◆ **What is needed**
Print exactly the lines that run from the one containing "Read Flashdance screenplay (poster)" to the final line of the data, both included, and print none of the pictures.

◆ **Supplied information**
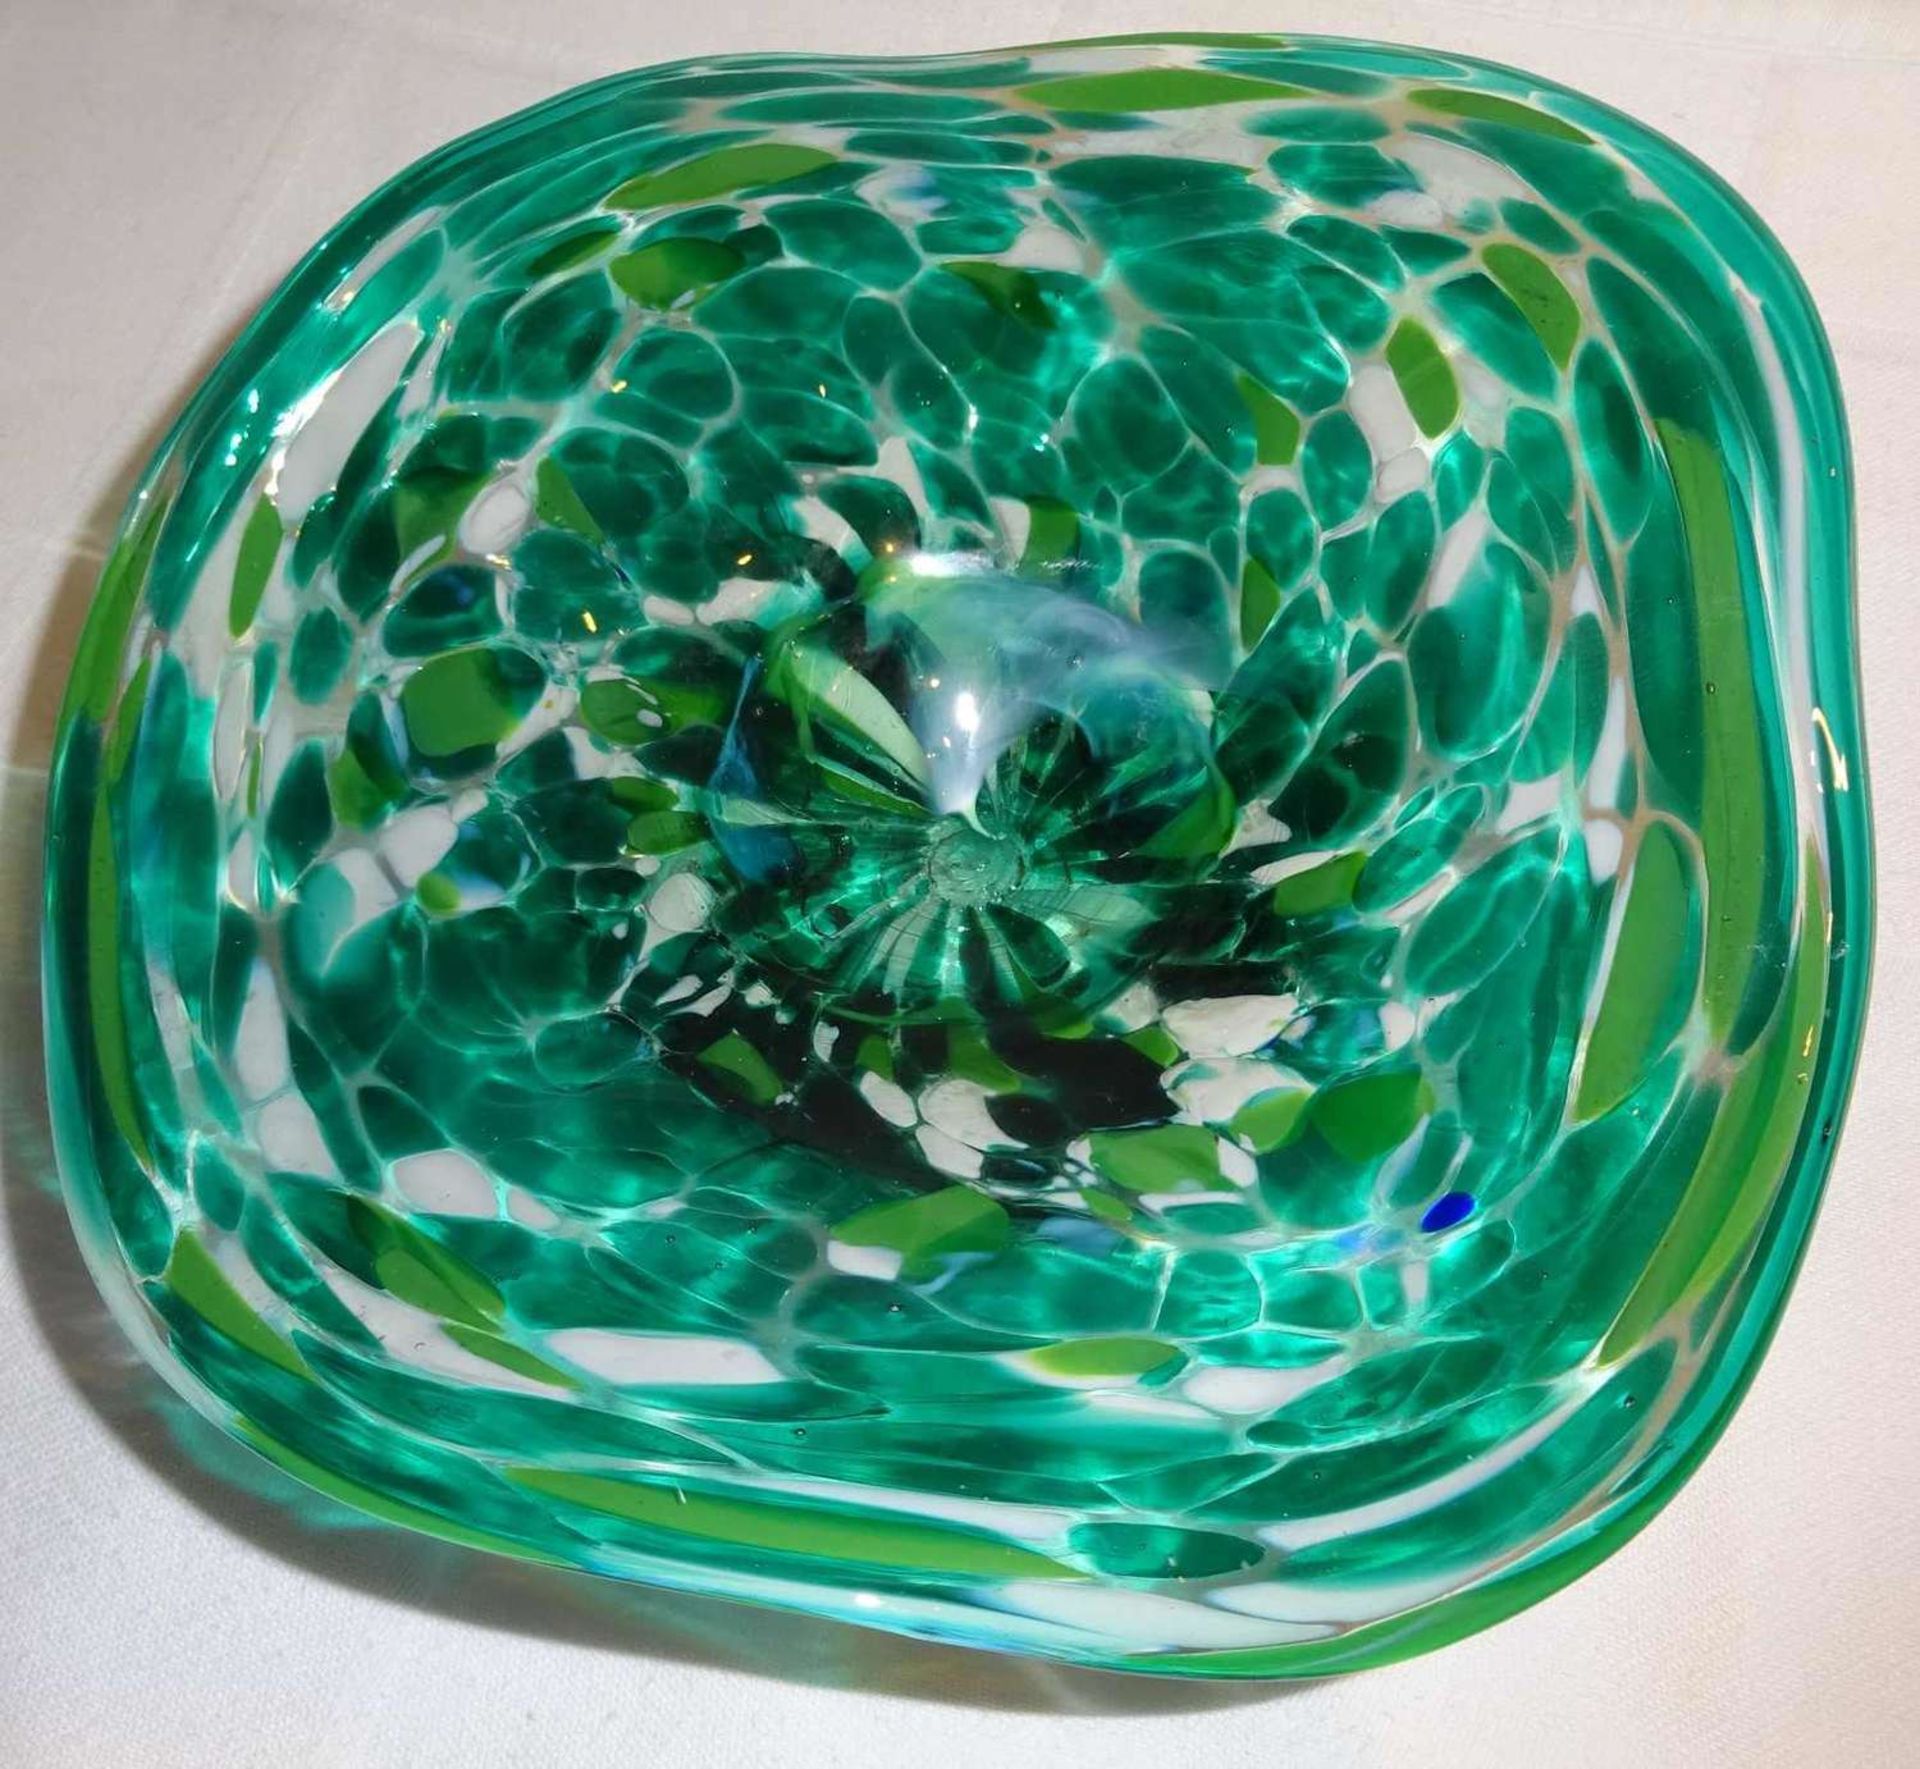 2 Glasschalen Murano / bayr. Wald. Guter Zustand2 glass bowls Murano / Bavarian. Forest. Good condi - Bild 3 aus 3
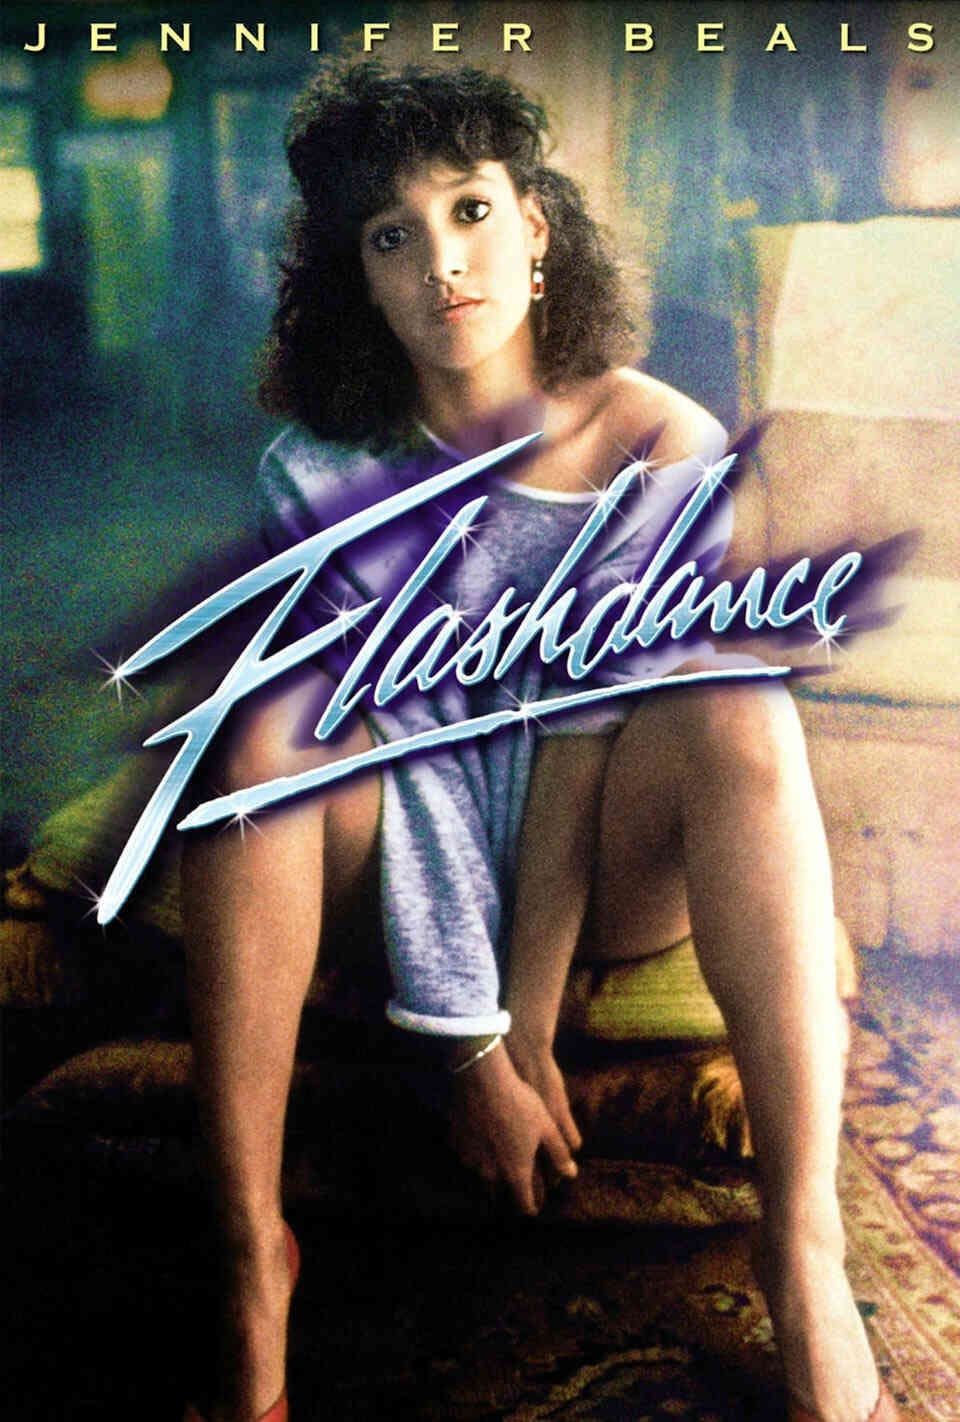 Read Flashdance screenplay (poster)
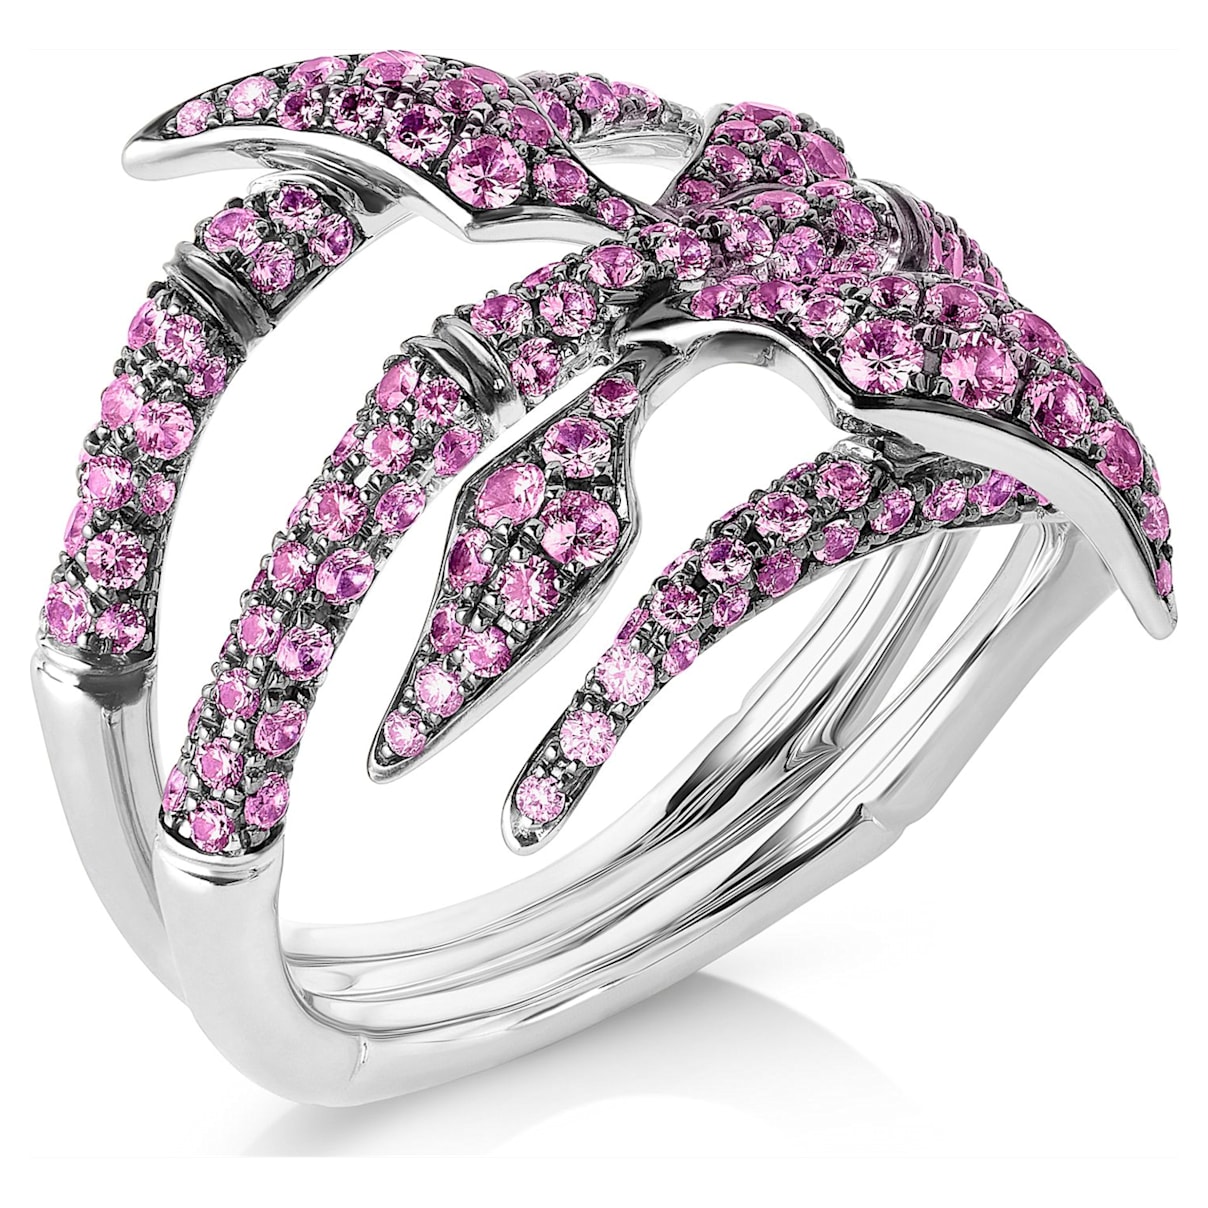 Bamboo Shoots Ring, Pink Swarovski Created Sapphires, 18K White Gold, Size 58

◆ **Your solution**
 Read Flashdance screenplay (poster)
 Bamboo Shoots Ring, Pink Swarovski Created Sapphires, 18K White Gold, Size 58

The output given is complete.